Güneş'imi de kaybedince fark ettim işte. Gözlerimi açtığımda Işık'ın evindeydim. Uzayın bilinmeyen bir noktasındaydım aynı Dünya'da olduğum gibi. Herkes gibi. Tek fark Güneş yoktu. Uyandım ama hala semada her yer yıldızlarla aydınlatılmış haldeydi. Çocukken gece olunca "Allah ışıkları kapattı" derdim. O andaysa bana ışıklarını hiç açmıyordu sanki. Sadece göğe serptiği birkaç ateş böceğiyle beni oyalıyordu.
Yorgun bir şekilde kalktım yataktan. Her bilinmeyen bir durumda hissettiğim gibi kalbim kaçmak istercesine çarptı. Neden buradaydım? Burası ceza mıydı yoksa ödül mü? Işık'ı düşününce yine kuyruk sokumuma kadar oluşan o tuhaf ama zevk verici hissi içime çektim. Cezaysa bile bundan zevk alıyordum sanırım.
Başımı tavana kaldırıp burnumdan derin bir nefes aldım ve Işık'ı görmeden önce o içimde oluşan kaygan hissin keyfine varmaya çalıştım. Kalbimden bir fıskiye gibi ucunu kaçırarak içinde ki her duyguyu her yere fırlatıyordu. Karnım ağrıyordu. Karanlığı daha da arzuluyordum. Sonu ne olursa olsun bu eşsiz duyguyu yaşamayı bile nimet sayar oldum. Hem tehlike öncesi bir his hem de orgazm öncesi patlama anı gibi.
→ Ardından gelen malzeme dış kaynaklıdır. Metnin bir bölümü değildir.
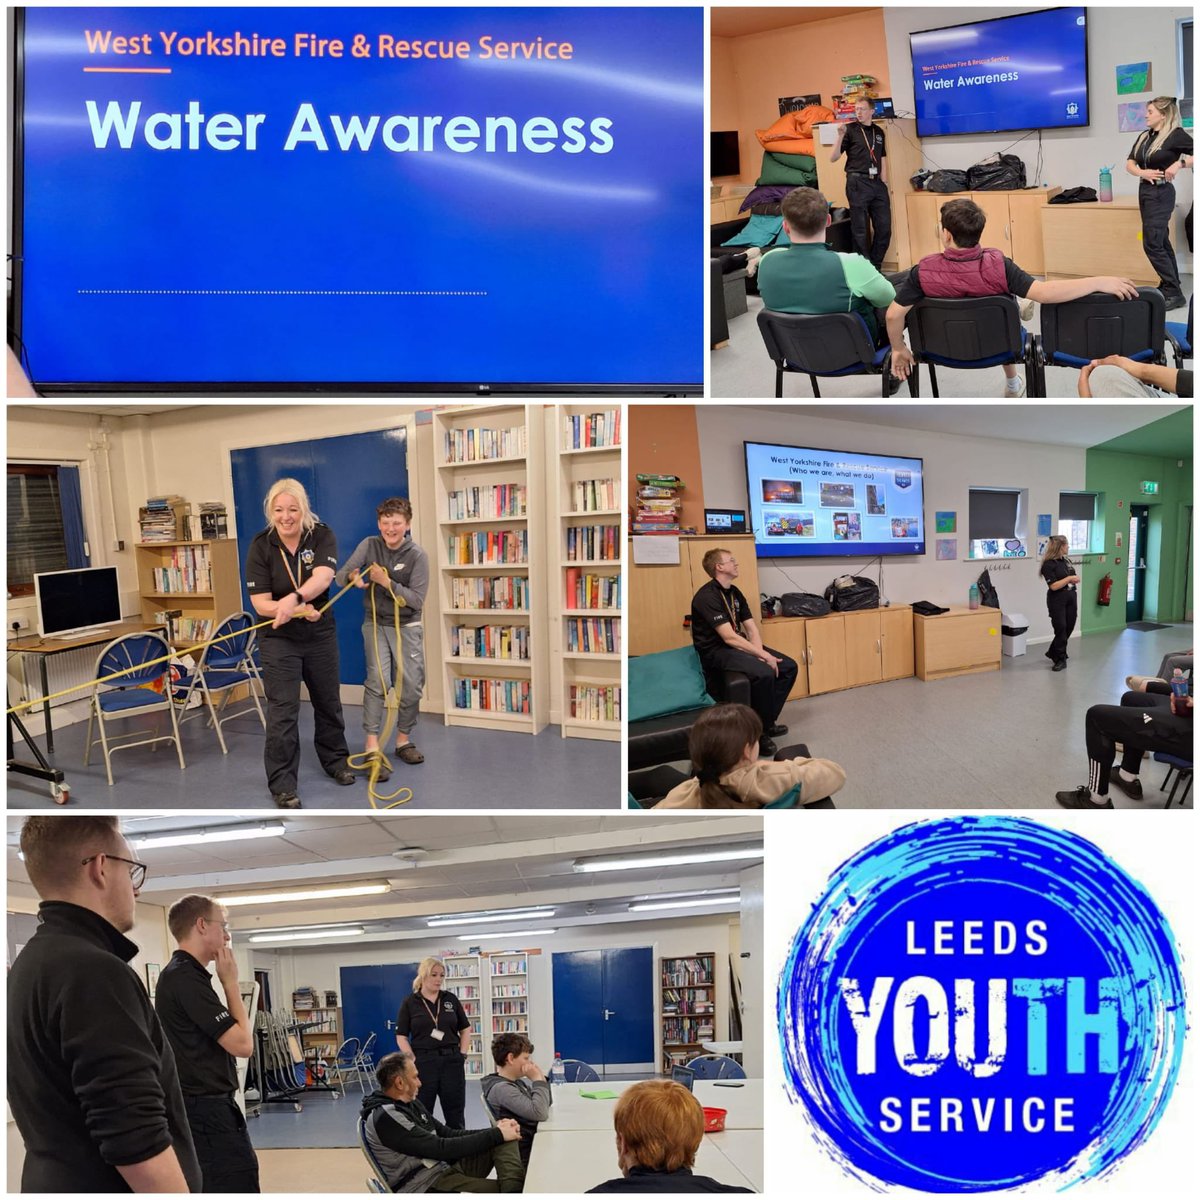 #Thankyou to @WYFRS for some fantastic informative sessions this week. #Youngpeople engaged in a number of sessions focused on #water #awareness & #safety #Youthwork #LeedsYouthService

Muhteşem bir karışım ve kalpte peyda olan dayanılmaz bir sızı. Deliriyor muydum acaba? Bir anda panikle kendime gelmeye başladım ama yere baktığımda ki o soğuk zeminin de Işık'a ait olduğunu fark ettim. Her yerde o varken ondan ve bu duygulardan nasıl kaçabilirdim ki? Var mıydı bunun formülü? İçimden bir his bunun tek yolunun burada olduğumu reddetmek yani delirmek olduğunu söylüyordu. Korkarak ayağa kalktım ve makyaj masasına yaklaştım.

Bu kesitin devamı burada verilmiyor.